Cilt bulguları bebeklik döneminde saçlı deri, yanaklar, kol ve bacaklarda yoğunluk gösterir. Yaşın ilerlemesiyle birlikte lezyonlar dirsekler, dizler, ense ve göz çevresinde de ortaya çıkabilir. Bu lezyonlar kaşındıkça deri sertleşip, rengi koyulaşabilir. Yetişkinlerde ciltte çevresel etkenlerin etkisiyle ataklar hâlinde döküntü çıkabilir ve yaygın egzama izlenebilir.
Atopik Dermatit Tanısı Nasıl Konur?
Atopik dermatit teşhisi, genellikle hekim tarafından yapılan fizik muayene incelemesinde tespit edilen bulgulara dayanılarak konur. Hekim gerekli gördüğü hâllerde farklı alerjik problemlerin ekarte edilmesi adına bazı kan tahlilleri isteyebilir. Ciltte alerjik reaksiyonu tetikleyebilecek etkenlerin tespit edilmesi adına deri yama testine başvurulabilir. Bu testte, insanlarda alerjik reaksiyona neden olduğu bilinen çeşitli maddeler ciltte belirli bölgelere uygulanır ve kişinin hangi maddelere karşı alerjisi olduğu tespit edilebilir. Kişinin test sonucunda belirlenen alerjenlerden günlük hayatta kaçınması, rahatsızlığın kontrolü adına son derece önemlidir.
Atopik Dermatit Tedavisinde Neler Yapılır?
Mevcut klinik yaklaşımda atopik dermatitin kesin bir tedavisi bulunmamaktadır.
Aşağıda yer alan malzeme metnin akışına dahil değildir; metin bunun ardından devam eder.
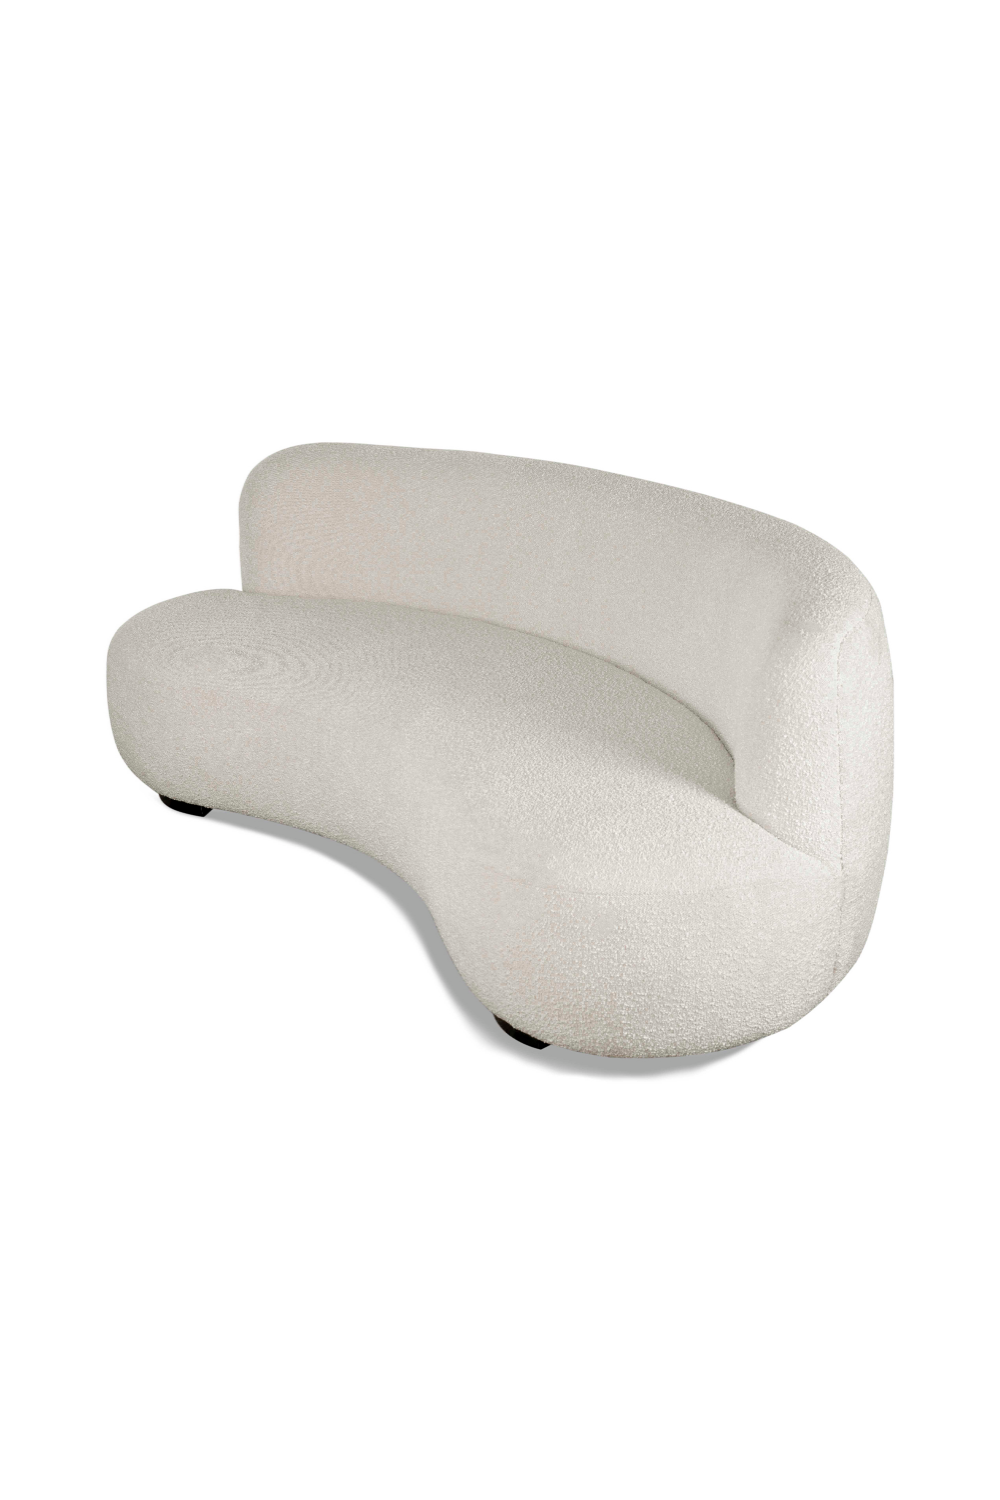 Contemporary Curved Sofa | Liang & Eimil Polter | Oroa.com

Tedavide asıl hedeflenen, klinik belirtilerin kontrol altına alınarak şikâyetlerin giderilmesi ve hayat kalitesinin artırılmasıdır. Buna yönelik olarak hastalara çeşitli yaşam tarzı değişiklikleri önerilir ve ilaç tedavisi verilir.
Kaşıntı şikâyetinin azaltılması, cildin tekrarlayan fiziksel travmalara uğramasını önleyerek muhtemel cilt enfeksiyonlarının gelişimine karşı korur. Bu amaçla hastalara kortikosteroid içerikli kremler, şiddetli vakalarda ağızdan alınan kortikosteroid ve antihistaminik ilaçlar reçete edilebilir. İkincil gelişen enfeksiyonların tedavi edilmesi için antibiyotik ilaçlar tedaviye eklenebilir. Tedaviye yanıt vermeyen vakalarda ise bağışıklık sistemini baskılayıcı ilaçlara başvurulabilir.
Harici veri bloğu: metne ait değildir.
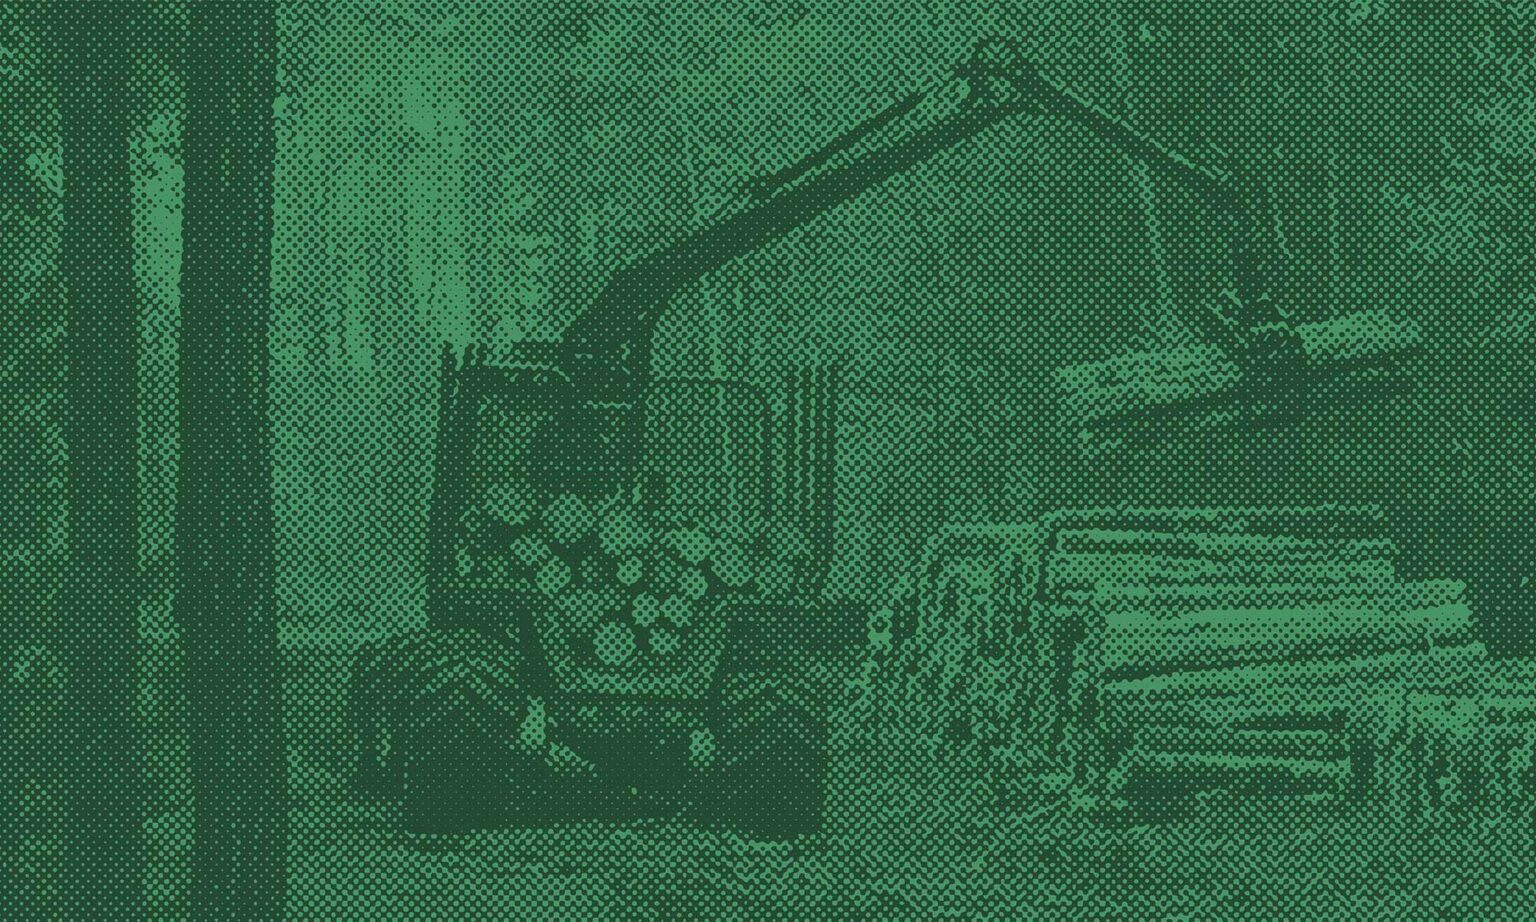 Skogsmaskin som lastar timmer i skogen

Bunların yanında; cildin sık sık, özellikle banyo yapıldıktan hemen sonra nemlendirilmesi, bol sıvı tüketilmesi, bulunulan ortamın nemlendirilmesi, bol ve rahat kıyafetlerin tercih edilmesi ve cildin sık kaşınarak irrite edilmesinden kaçınılması, lezyonların hafifletilmesine faydalı olan yaşam tarzı değişiklikleri arasında yer alır. Ek olarak, şikâyetleri tetiklediği bilinen çevre faktörlerinden de uzak durulması gerekir.
Atopik dermatit seyrinde, uzun dönemde hastalarda astım, uzun süreli kaşıntıya bağlı nörodermatit gibi cilt hastalıkları, tahriş olan ciltte ikincil gelişen deri enfeksiyonları, kimyasal maddelerle temas sonucu alerjik kontakt dermatit veya irritan dermatit gibi sağlık sorunları ortaya çıkabilir.